This letter had filled him with pleasure and satisfaction, for it showed on the one hand that she had very reasonably bowed to the inevitable, and that there was no cause for his anxiety; and on the other, that she still faithfully clung and belonged to him heart and soul. And glad as he might be to feel his blood purged of the unwholesome excitement with which she had inspired it, he could not help being pleased at this proof of her remaining ever his true and willing servant.
His belief in Helene's sacred influence on his destiny had, he imagined, received a new impetus, since her note had saved him in an hour of imminent danger. He wore it gratefully as a talisman on his heart, even if he did not read it so often, and with such delight, as he read Regina's.
Soon after his arrival in the capital, an intense yearning had drawn him to the Cathedral, where he had sought out the old altar-piece, which contained her living image. He experienced a bitter disappointment. The Madonna amidst her lilies and roses appeared absolutely ridiculous. She looked to him now as if she had been baked out of Marzepan, and the flowers, with their stiff stalks and drooping heads, appeared as unnatural and insipid as their doll custodian.
And this was what he had carried about with him for years, as the facsimile of his beloved! Certainly it was high time she appeared in her own person before his bodily eyes, otherwise he would be in danger of loving a mere phantom.
And now, in this the hour of home-coming, it was not she at all with whom he looked forward to a joyous meeting; his senses saw only the picture of a girl waiting and watching for him, whose fresh and unbounded loveliness was no myth.
It was early morning and the sun was shining. He had made his last halt, the night before, at a hamlet not far from Wartenstein, as he proposed to pass rapidly through the town, to avoid being gaped at, and exciting idle curiosity. Once there he was within three miles and a quarter of home, and hoped to enter his native village at the hour for vespers, for his stalwart followers were used to rapid marching.

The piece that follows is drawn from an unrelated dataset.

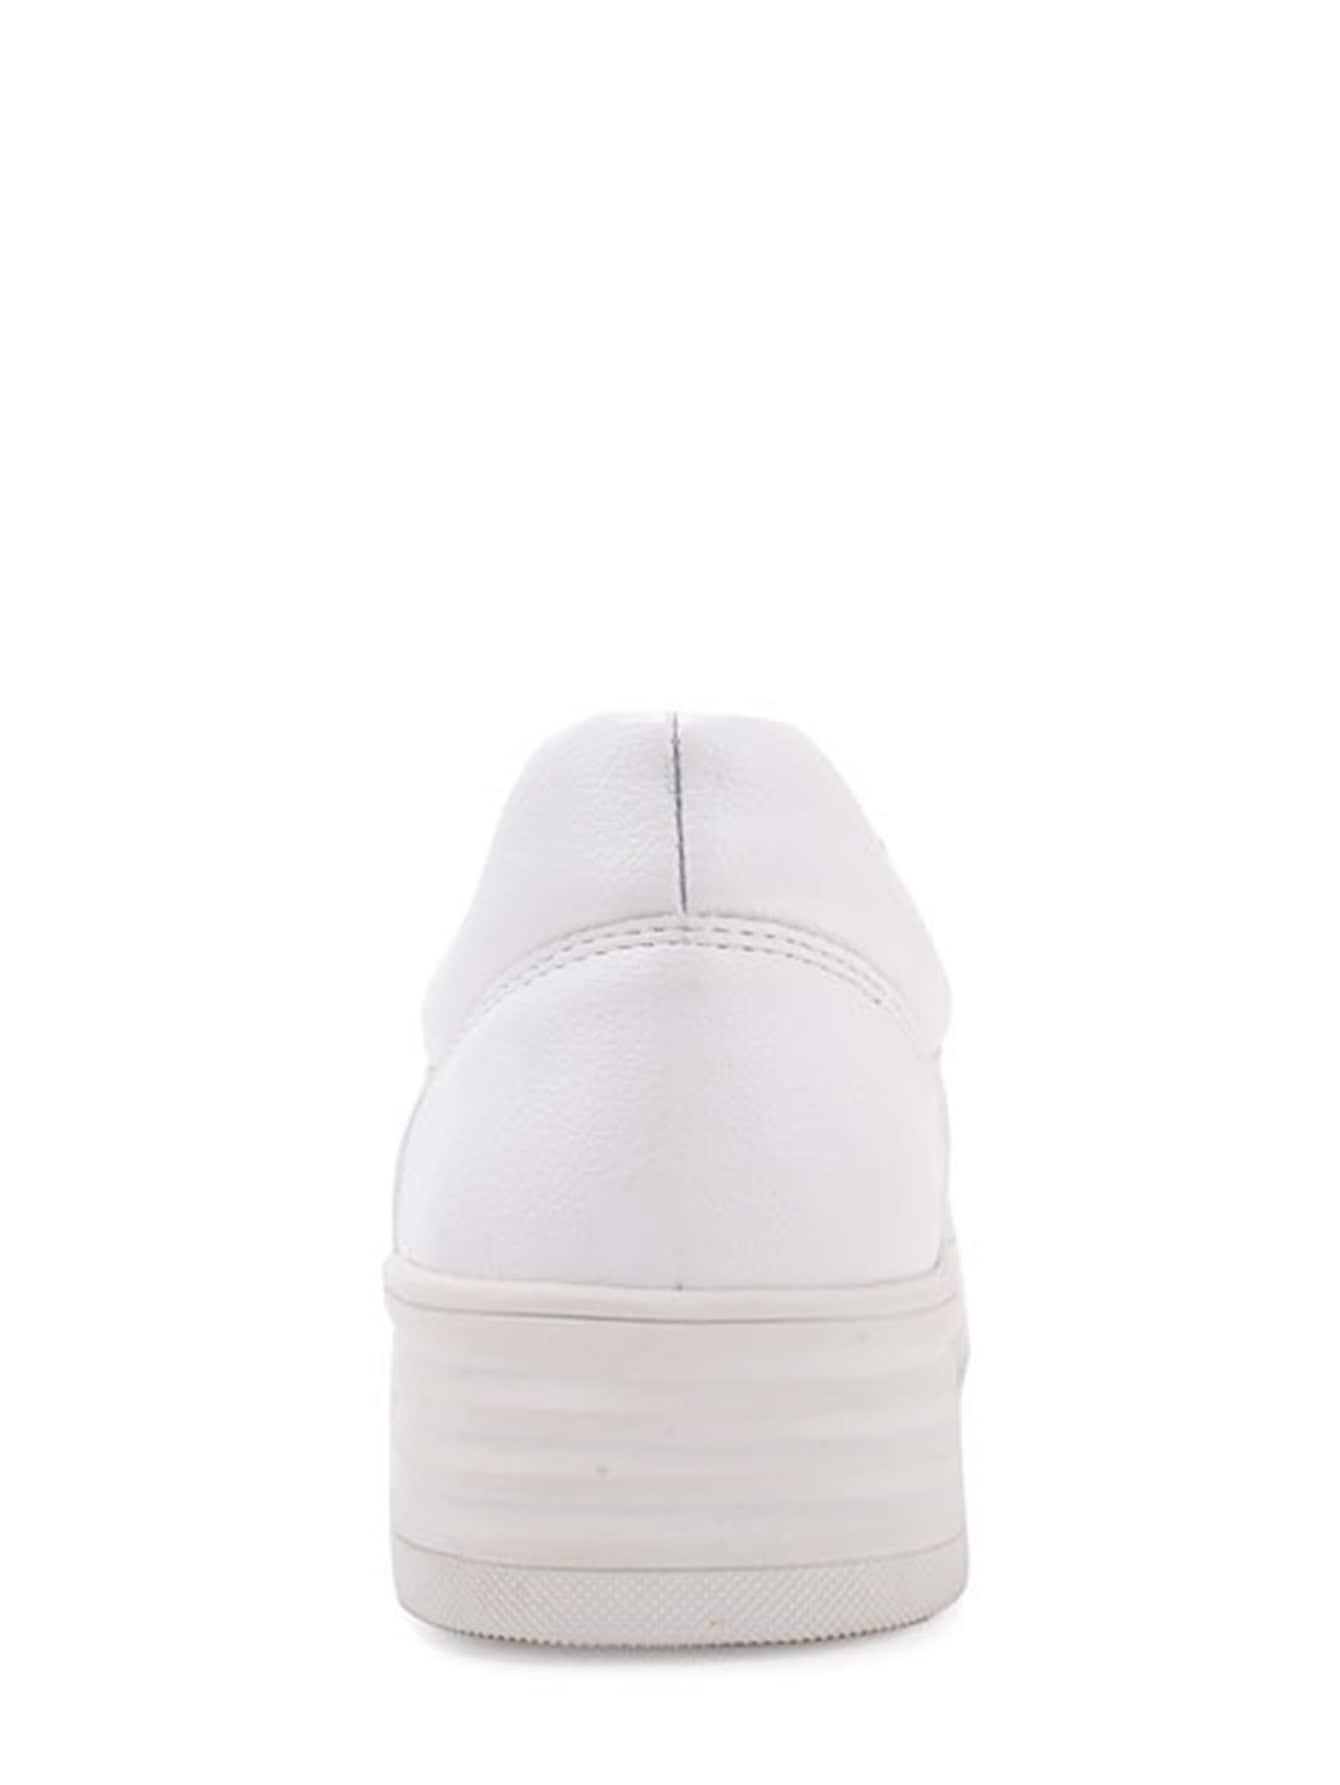 shoes161020809_2

As he rode up to the moss-grown ramparts, eight sounded from the belfries of Wartenstein, and he counted on being able to quit the town quite early, and so escape awkward questions.

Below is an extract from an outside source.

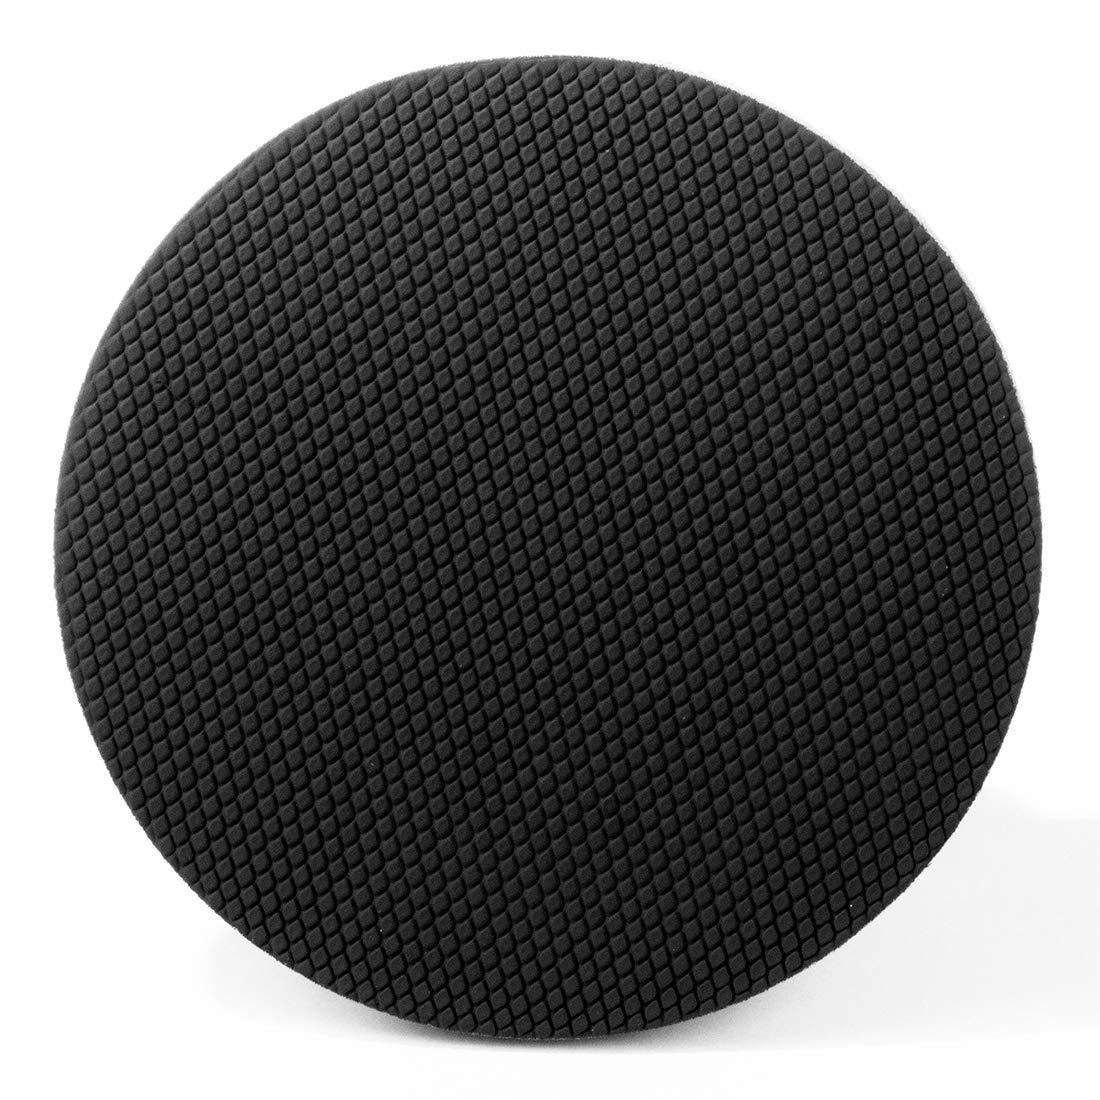 Nanoskin (AS-003) AutoScrub 6'' Medium Grade Foam Pad for DA Polisher by Nanoskin

Thus, he was little prepared for the surprises awaiting him within its gates. The sentinel, instead of stopping him and demanding his passport, shouted up to a window in the gateway tower--
"Ring the bells! ring the bells! The first detachment is here!"

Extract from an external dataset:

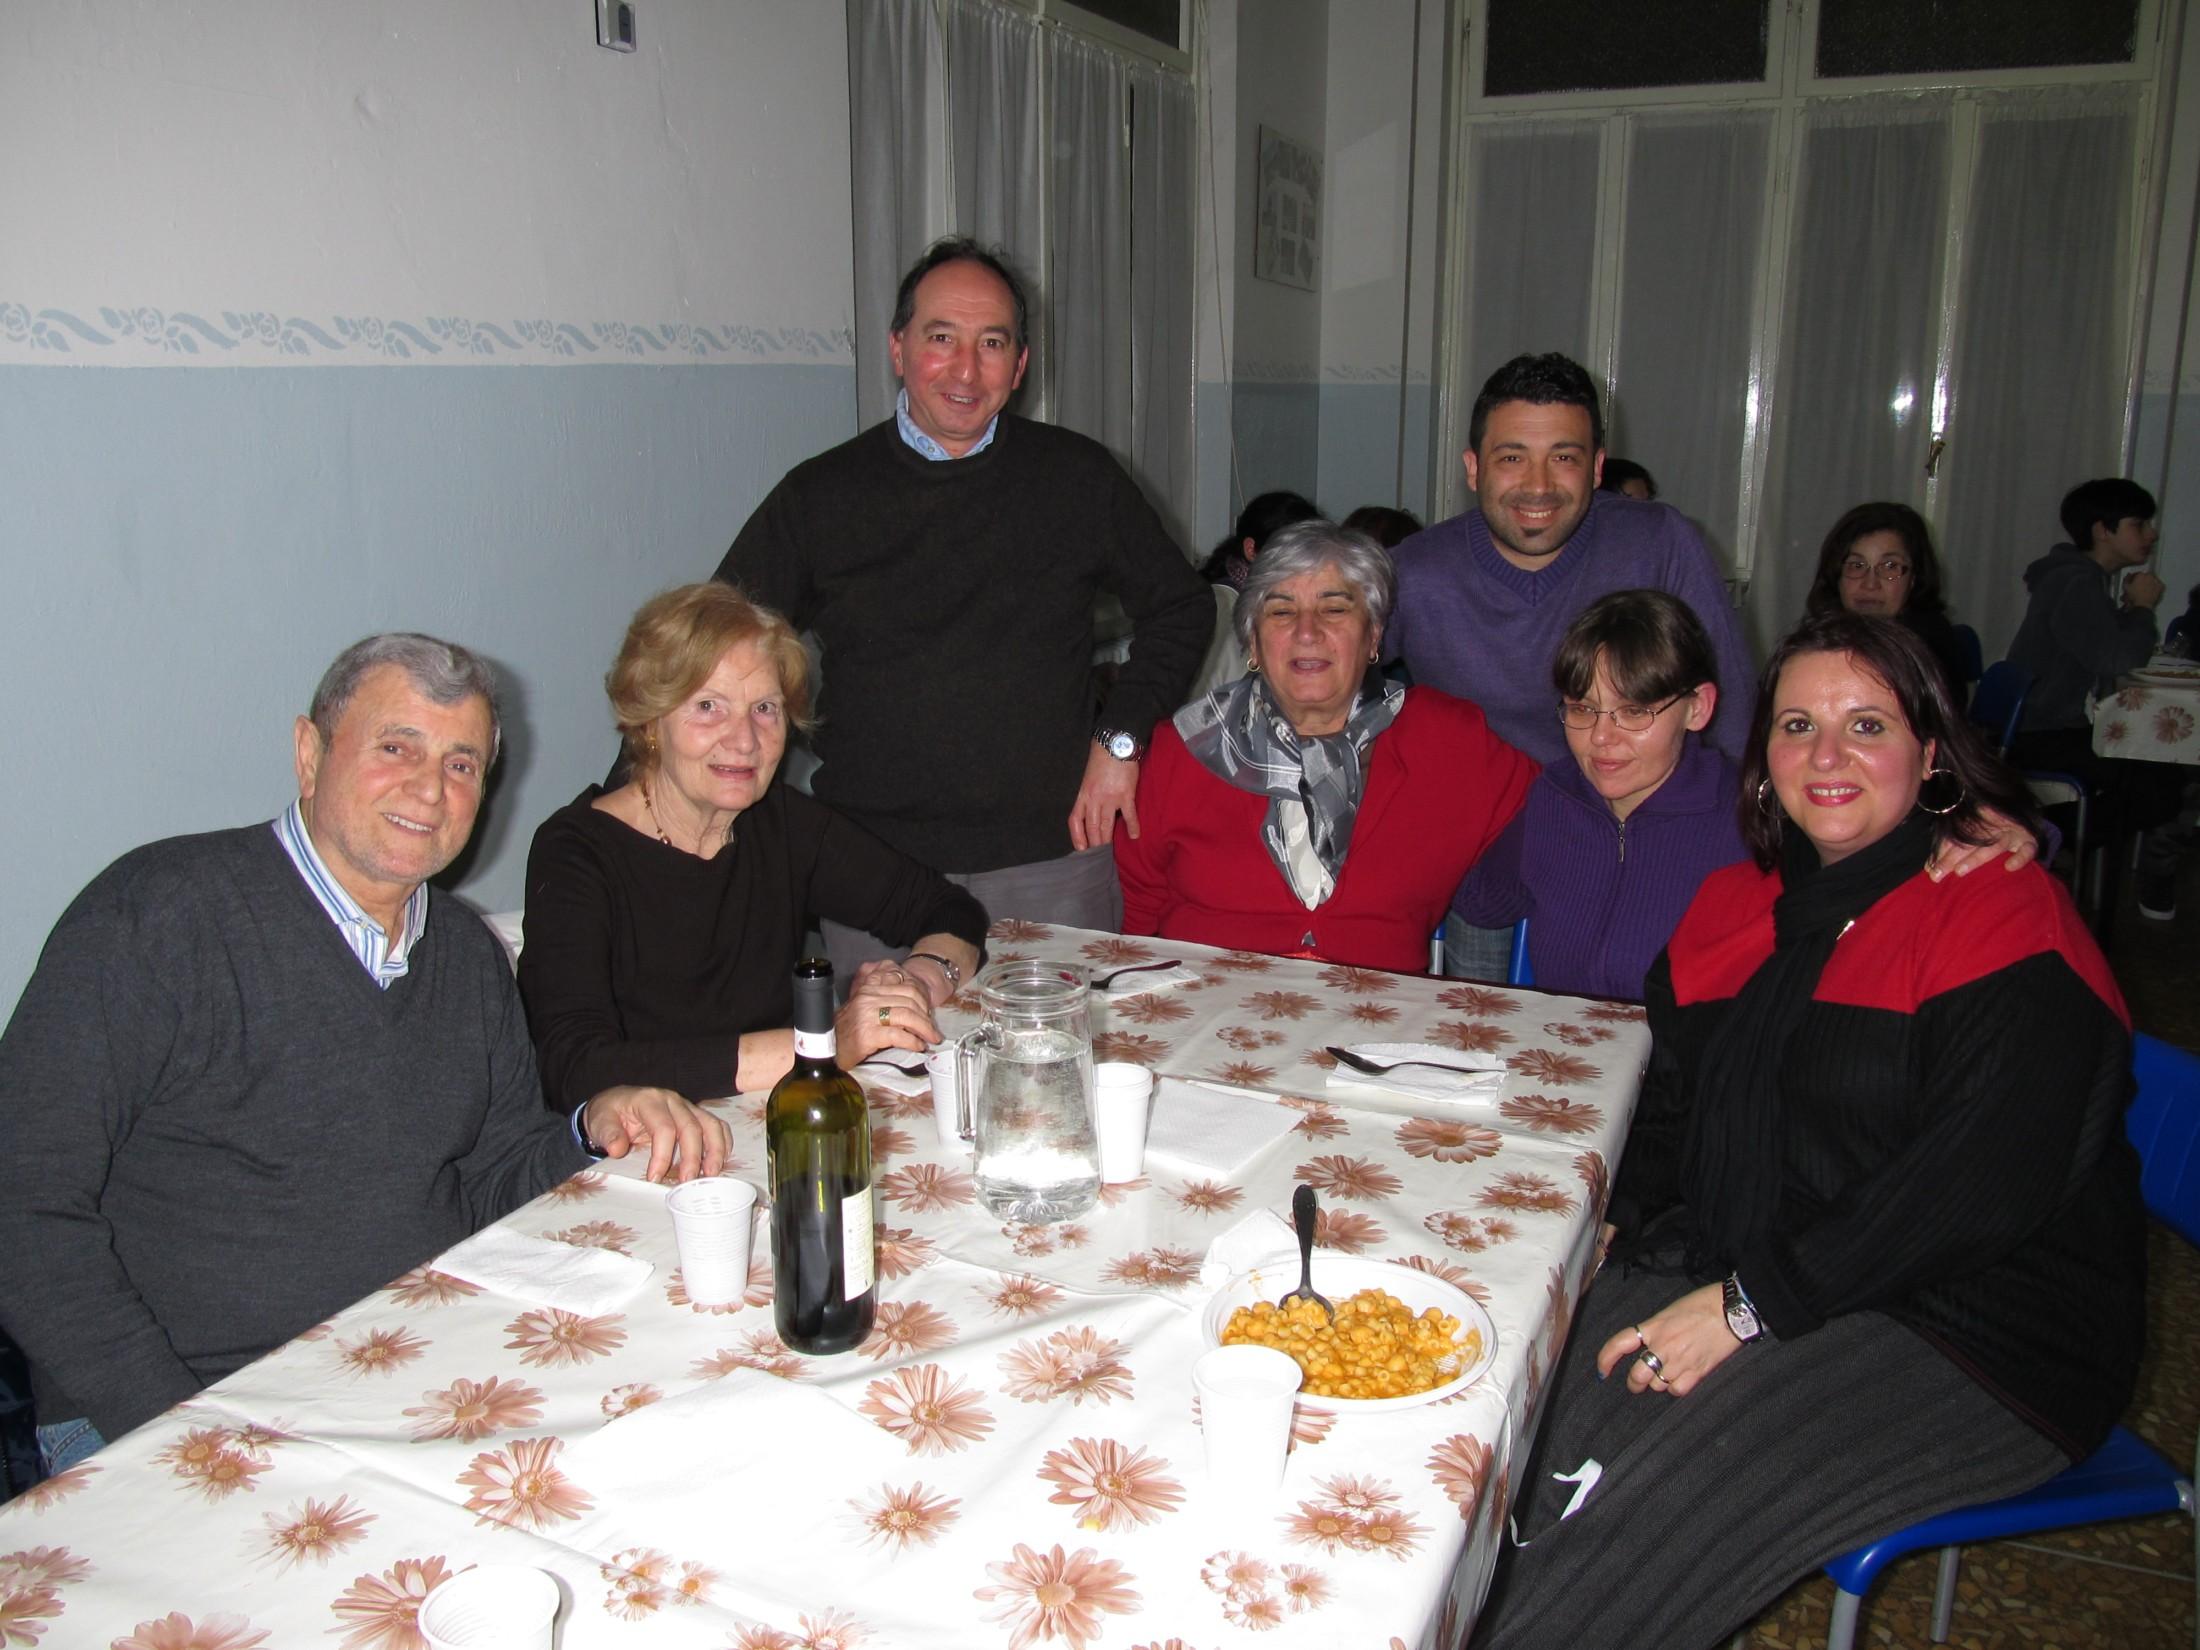 festa_papa_2014-03-22-19-47-16

Then he saluted with his pike, while a merry peal clashed from the watch-towers of Wartenstein to announce Boleslav's arrival.
"What can be the meaning of it?" he asked himself, shaking his head; and his astonishment increased, when on riding through the streets he found them thronged with crowds of men, women, and children, who waved their caps and handkerchiefs, and welcomed him with resounding cheers.